*** Dataset extract Section Begins ***
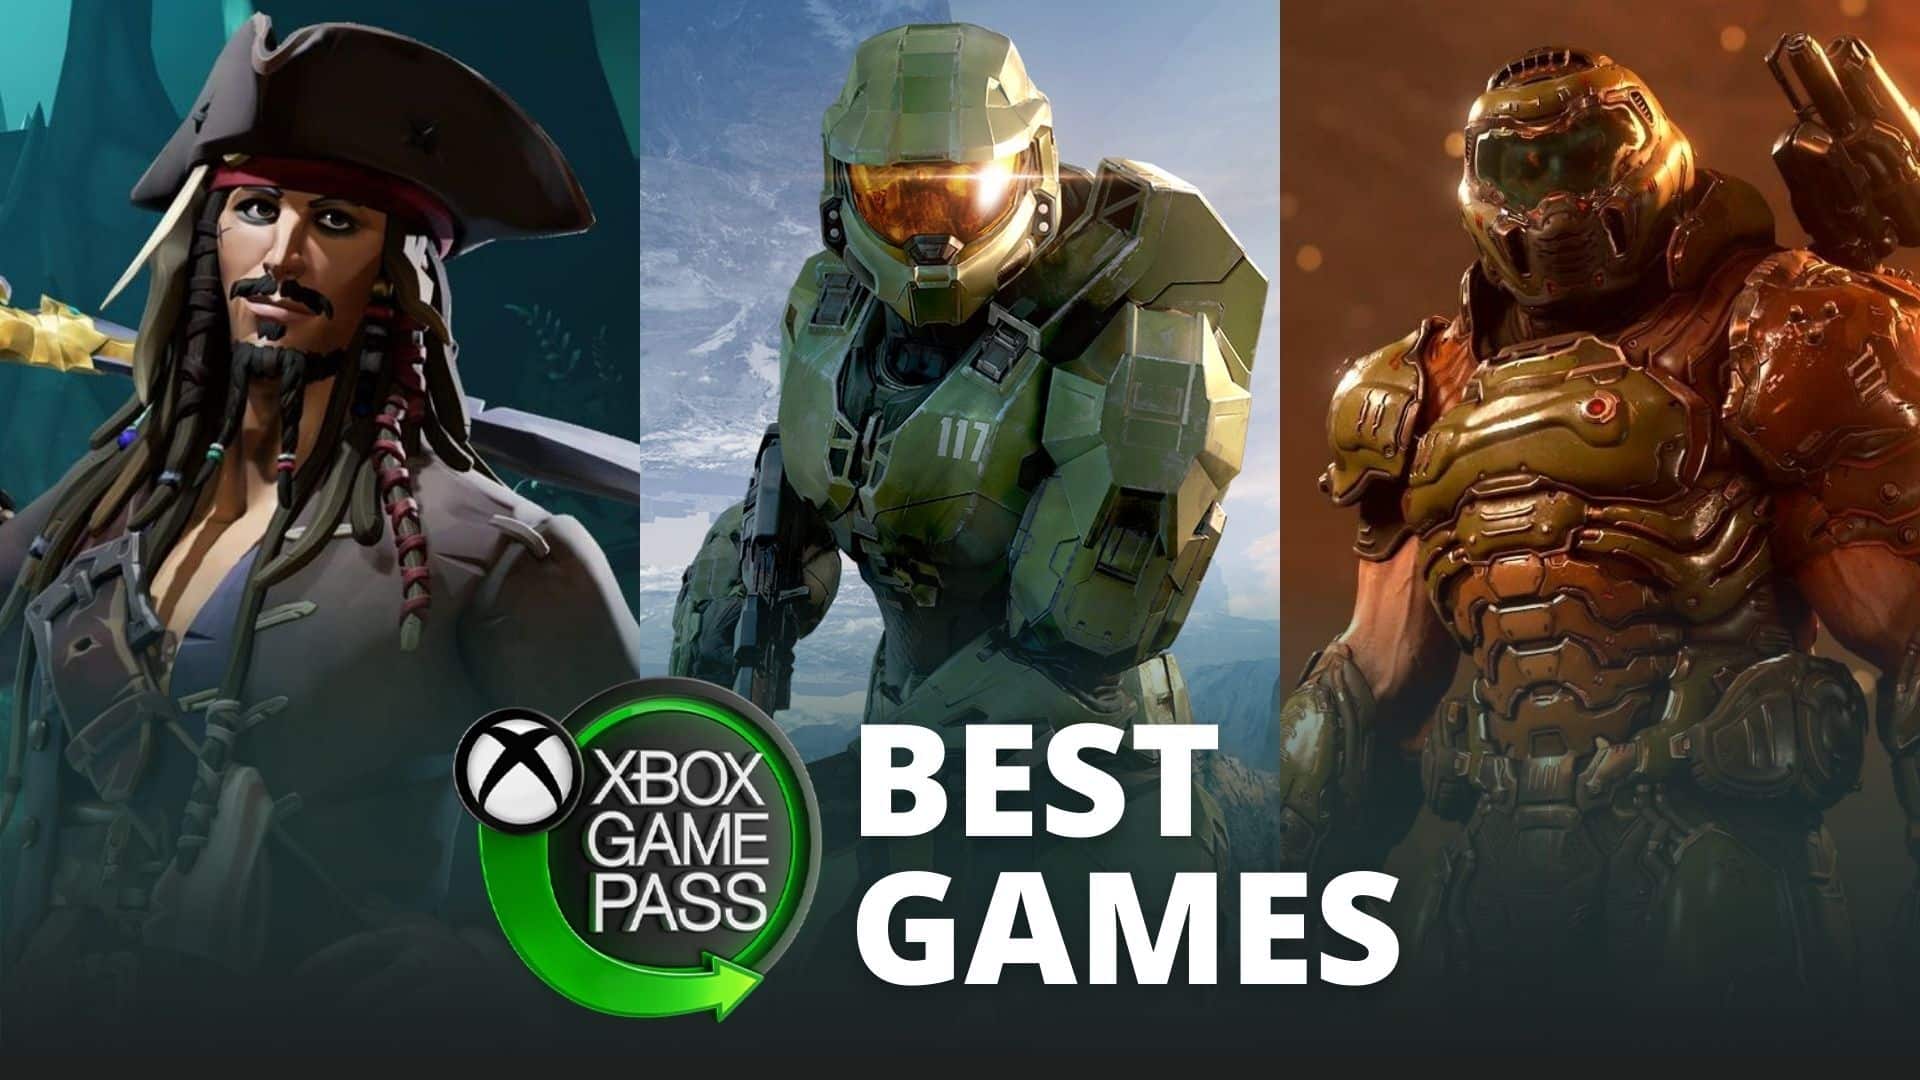 Xbox Game Pass徽標與Jack Sparrow，Master Chief and Doomslayer
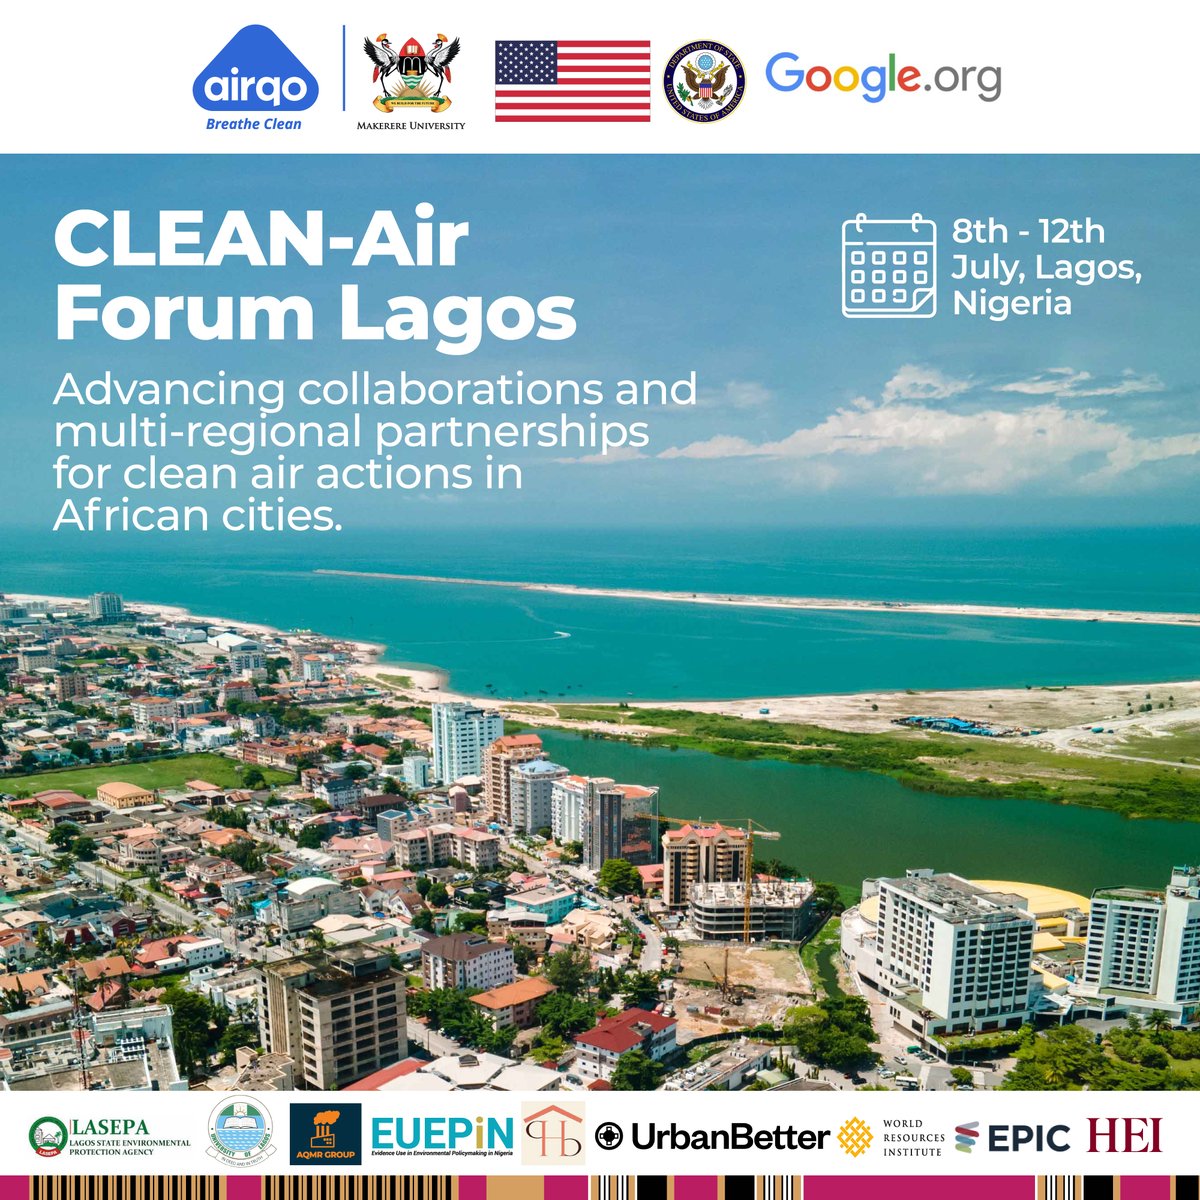 #CleanAirForumLagos will convene Africa’s policymakers, civil society organisations, private sector, development partners, and scientific communities to discuss a shared vision for clean air in African Cities. Learn more: bit.ly/4aLXIN5 #AirQuality @AirQoProject
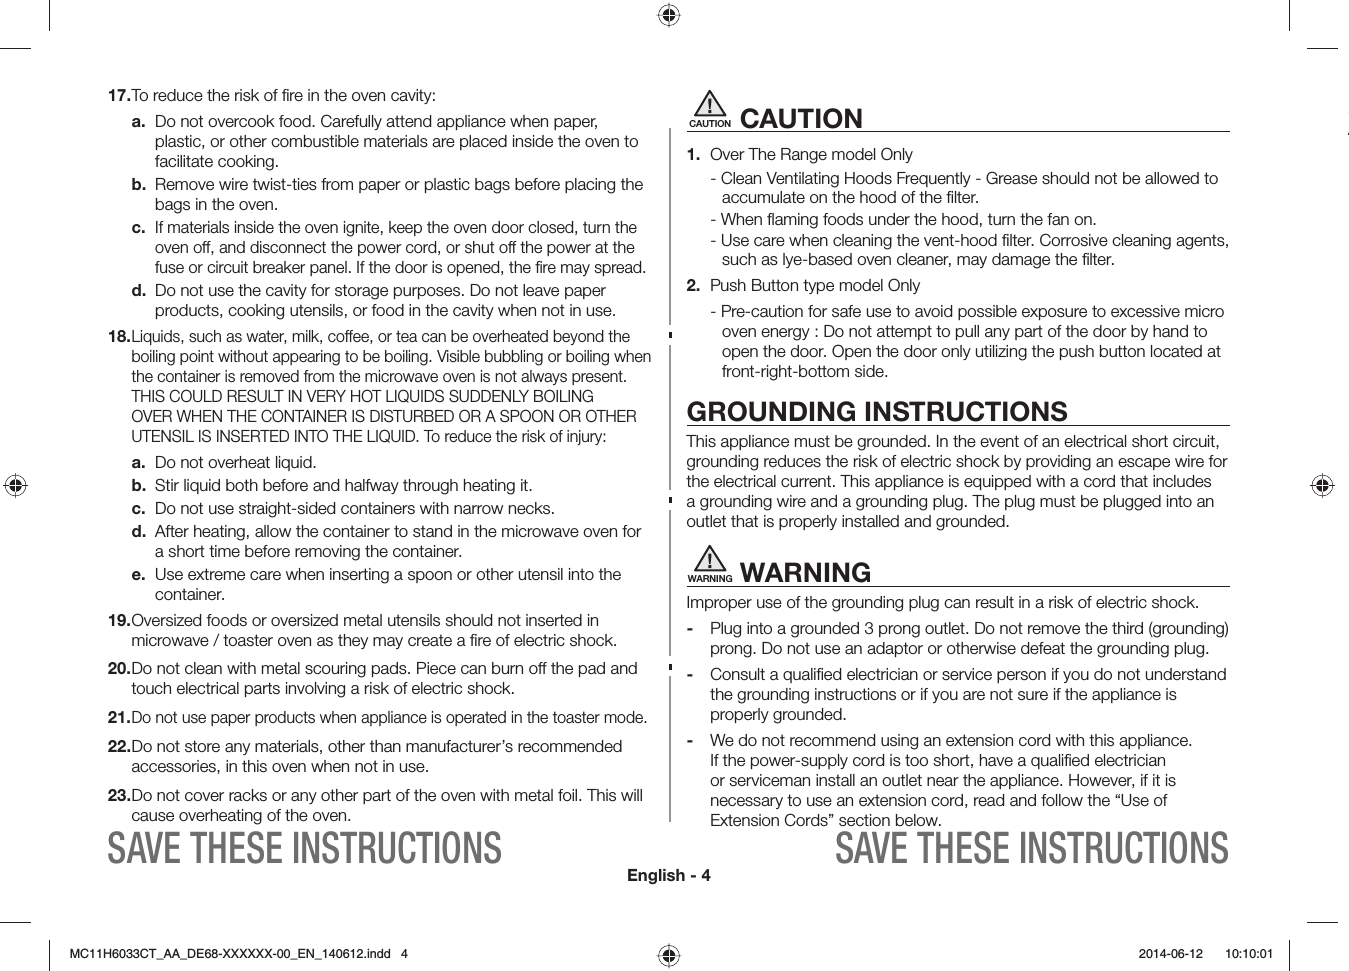 English - 4SAVE THESE INSTRUCTIONS SAVE THESE INSTRUCTIONSCAUTION CAUTION1.  Over The Range model Only - Clean Ventilating Hoods Frequently - Grease should not be allowed to accumulate on the hood of the ﬁlter.- When ﬂaming foods under the hood, turn the fan on.- Use care when cleaning the vent-hood ﬁlter. Corrosive cleaning agents, such as lye-based oven cleaner, may damage the ﬁlter.2.  Push Button type model Only- Pre-caution for safe use to avoid possible exposure to excessive micro oven energy : Do not attempt to pull any part of the door by hand to open the door. Open the door only utilizing the push button located at front-right-bottom side.GROUNDING INSTRUCTIONSThis appliance must be grounded. In the event of an electrical short circuit, grounding reduces the risk of electric shock by providing an escape wire for the electrical current. This appliance is equipped with a cord that includes a grounding wire and a grounding plug. The plug must be plugged into an outlet that is properly installed and grounded.WARNING WARNINGImproper use of the grounding plug can result in a risk of electric shock. -  Plug into a grounded 3 prong outlet. Do not remove the third (grounding) prong. Do not use an adaptor or otherwise defeat the grounding plug.-  Consult a qualiﬁed electrician or service person if you do not understand the grounding instructions or if you are not sure if the appliance is properly grounded.-  We do not recommend using an extension cord with this appliance. If the power-supply cord is too short, have a qualiﬁed electrician or serviceman install an outlet near the appliance. However, if it is necessary to use an extension cord, read and follow the “Use of Extension Cords” section below.A17. To reduce the risk of ﬁre in the oven cavity:a.  Do not overcook food. Carefully attend appliance when paper, plastic, or other combustible materials are placed inside the oven to facilitate cooking.b.  Remove wire twist-ties from paper or plastic bags before placing the bags in the oven.c. If materials inside the oven ignite, keep the oven door closed, turn the oven off, and disconnect the power cord, or shut off the power at the fuse or circuit breaker panel. If the door is opened, the ﬁre may spread.d.  Do not use the cavity for storage purposes. Do not leave paper products, cooking utensils, or food in the cavity when not in use.18.  Liquids, such as water, milk, coee, or tea can be overheated beyond the boiling point without appearing to be boiling. Visible bubbling or boiling when the container is removed from the microwave oven is not always present. THIS COULD RESULT IN VERY HOT LIQUIDS SUDDENLY BOILING OVER WHEN THE CONTAINER IS DISTURBED OR A SPOON OR OTHER UTENSIL IS INSERTED INTO THE LIQUID. To reduce the risk of injury:a.  Do not overheat liquid.b.  Stir liquid both before and halfway through heating it.c.  Do not use straight-sided containers with narrow necks.d.  After heating, allow the container to stand in the microwave oven for a short time before removing the container.e.  Use extreme care when inserting a spoon or other utensil into the container.19.  Oversized foods or oversized metal utensils should not inserted in microwave / toaster oven as they may create a ﬁre of electric shock.20.  Do not clean with metal scouring pads. Piece can burn o the pad and touch electrical parts involving a risk of electric shock.21.  Do not use paper products when appliance is operated in the toaster mode.22.  Do not store any materials, other than manufacturer’s recommended accessories, in this oven when not in use.23.  Do not cover racks or any other part of the oven with metal foil. This will cause overheating of the oven.MC11H6033CT_AA_DE68-XXXXXX-00_EN_140612.indd   4  
*** Dataset extract Section Ends ***
* Exercise goal: The required answer is an exact, picture-free copy of the lines from the opening of the listing above through the line with "#CleanAirForumLagos will convene".

* Response to the task:
 Xbox Game Pass徽標與Jack Sparrow，Master Chief and Doomslayer
 #CleanAirForumLagos will convene Africa’s policymakers, civil society organisations, private sector, development partners, and scientific communities to discuss a shared vision for clean air in African Cities. Learn more: bit.ly/4aLXIN5 #AirQuality @AirQoProject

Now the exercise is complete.